[Opening GIVEN INFORMATION section]

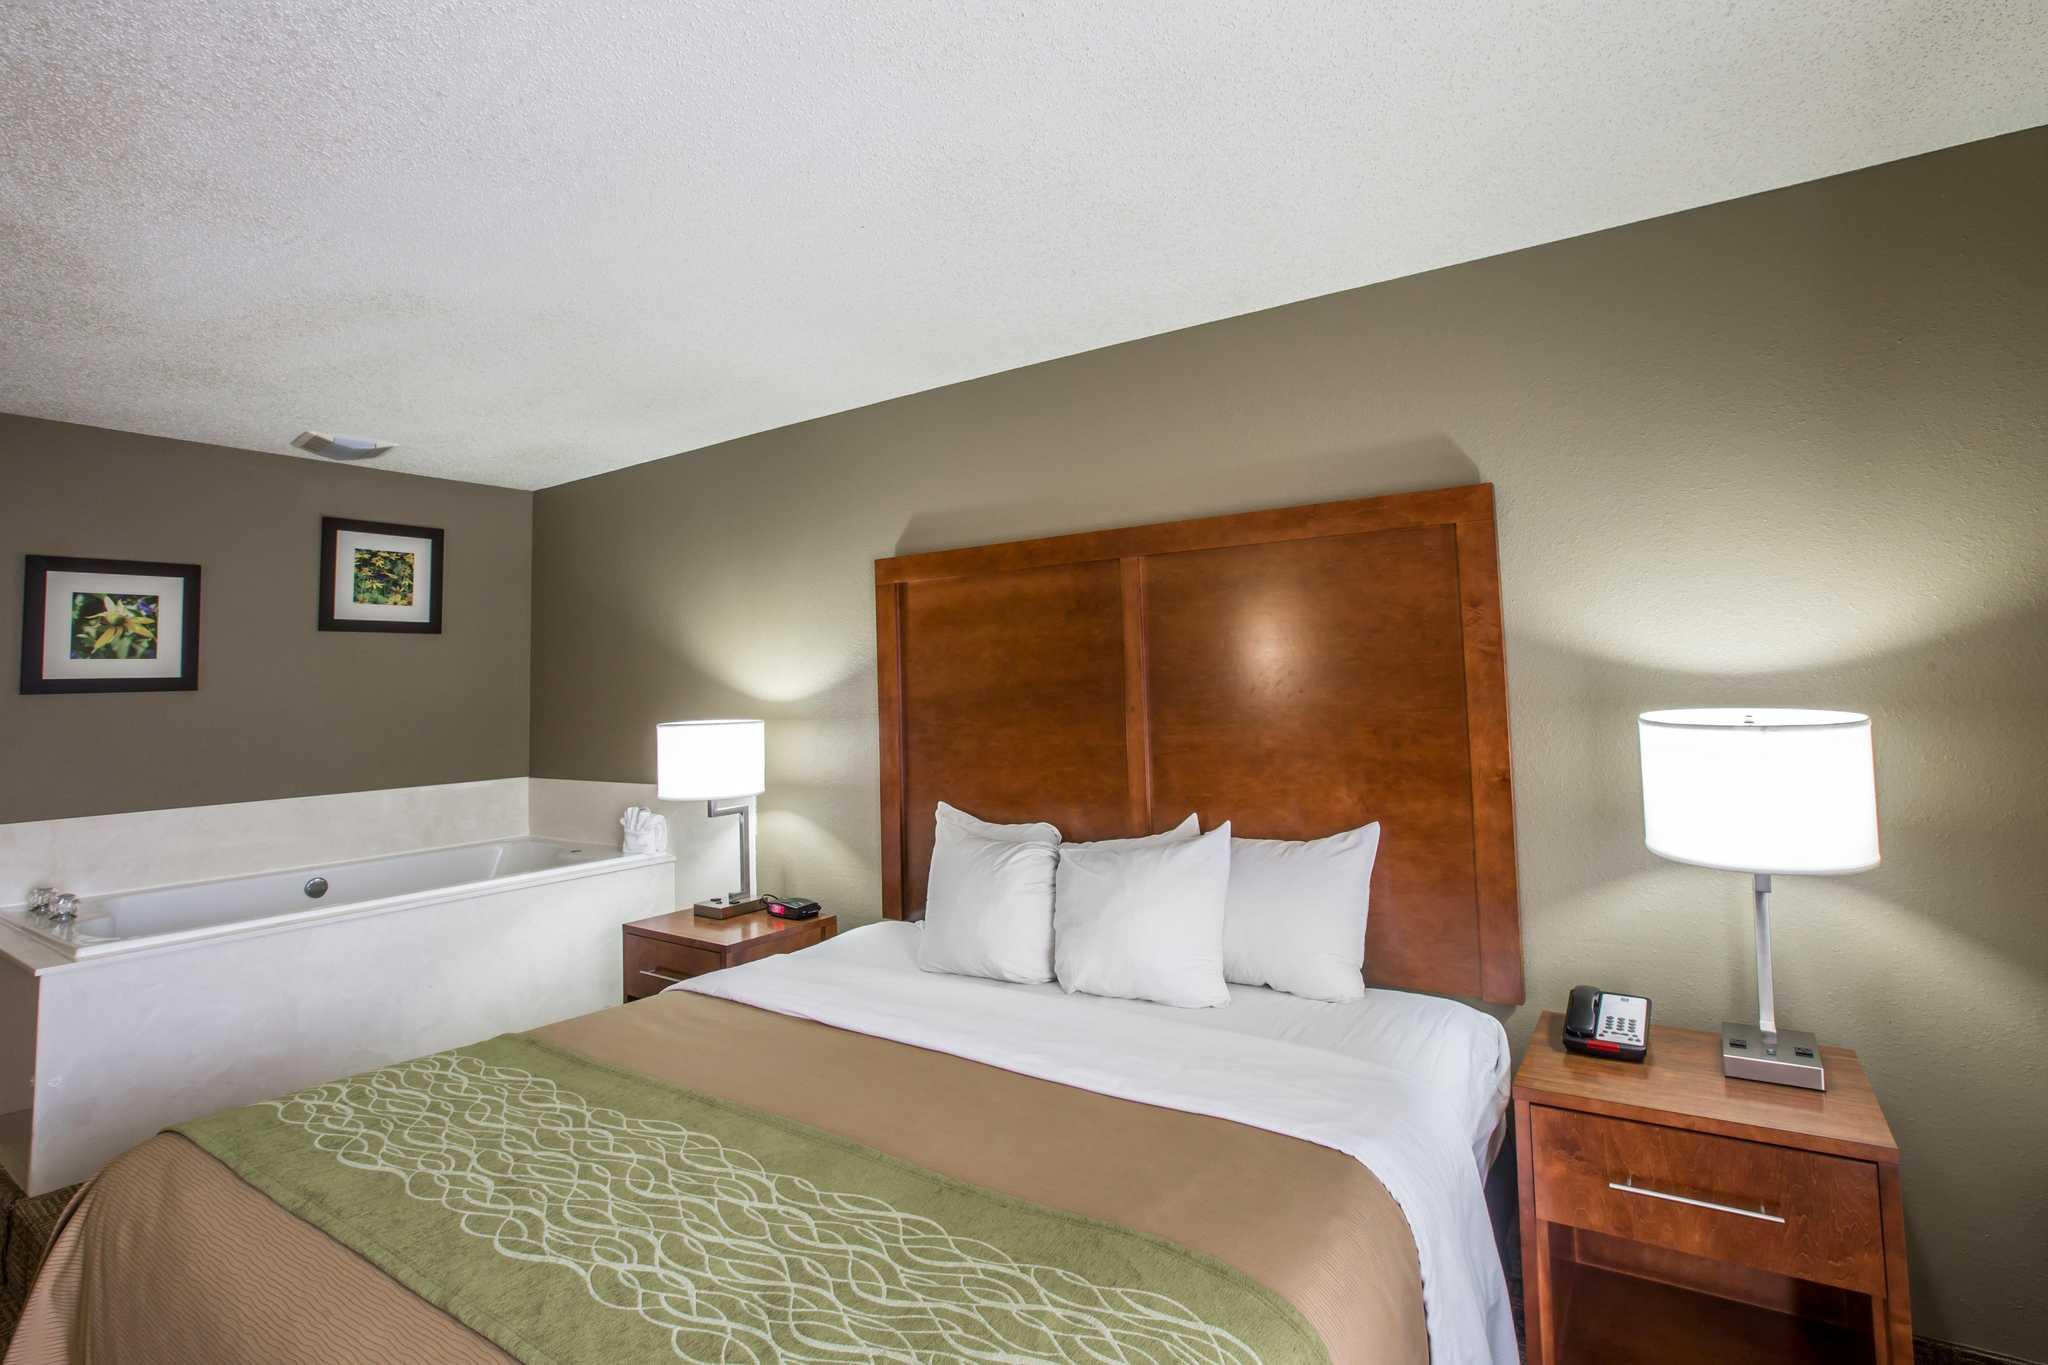 Comfort Inn & Suites at Dollywood Lane image 25
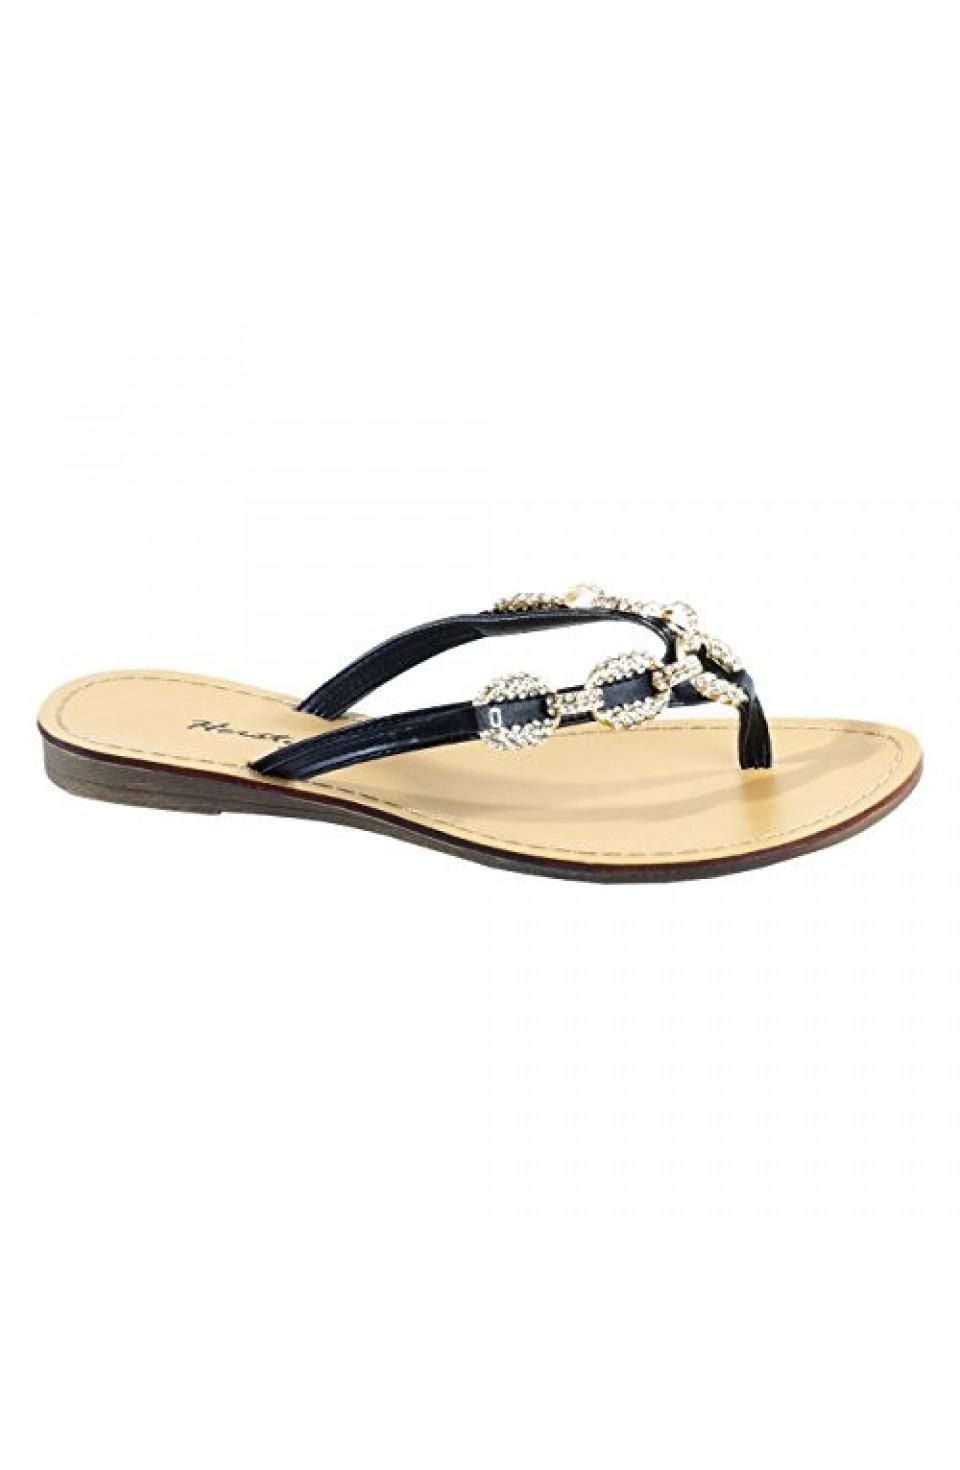 Women's Black Janiesa Manmade Flat Thong Sandal with Glowing Jeweled Chain
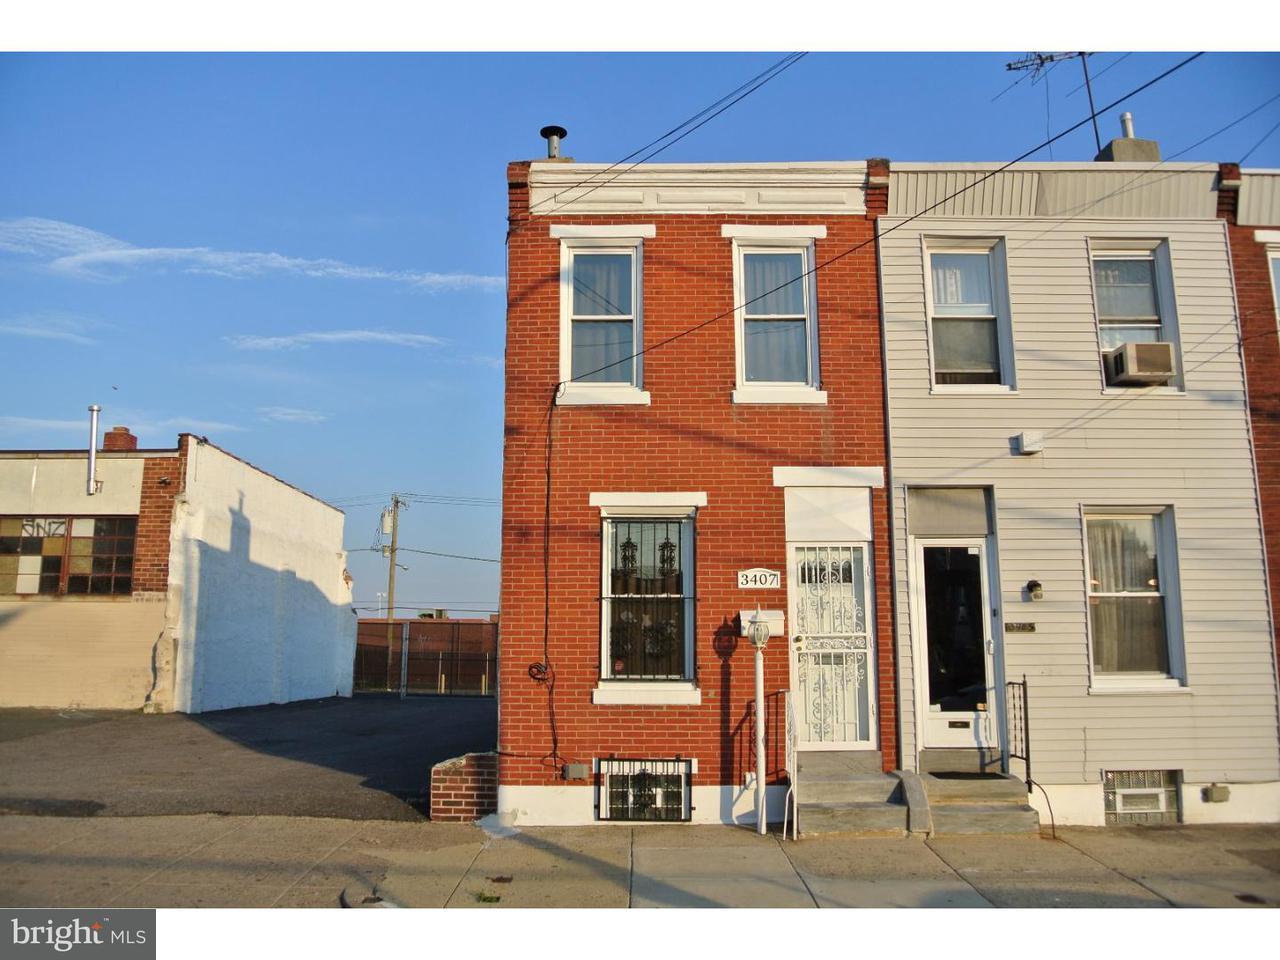 3407  Weikel Philadelphia, PA 19134

[Closing GIVEN INFORMATION section]

**PROBLEM STATEMENT**.
Could you repeat all of the material exactly? Pictures should not be copied.

**OUTPUT FOR THIS EXERCISE**.
 Comfort Inn & Suites at Dollywood Lane image 25
 Women's Black Janiesa Manmade Flat Thong Sandal with Glowing Jeweled Chain
 3407  Weikel Philadelphia, PA 19134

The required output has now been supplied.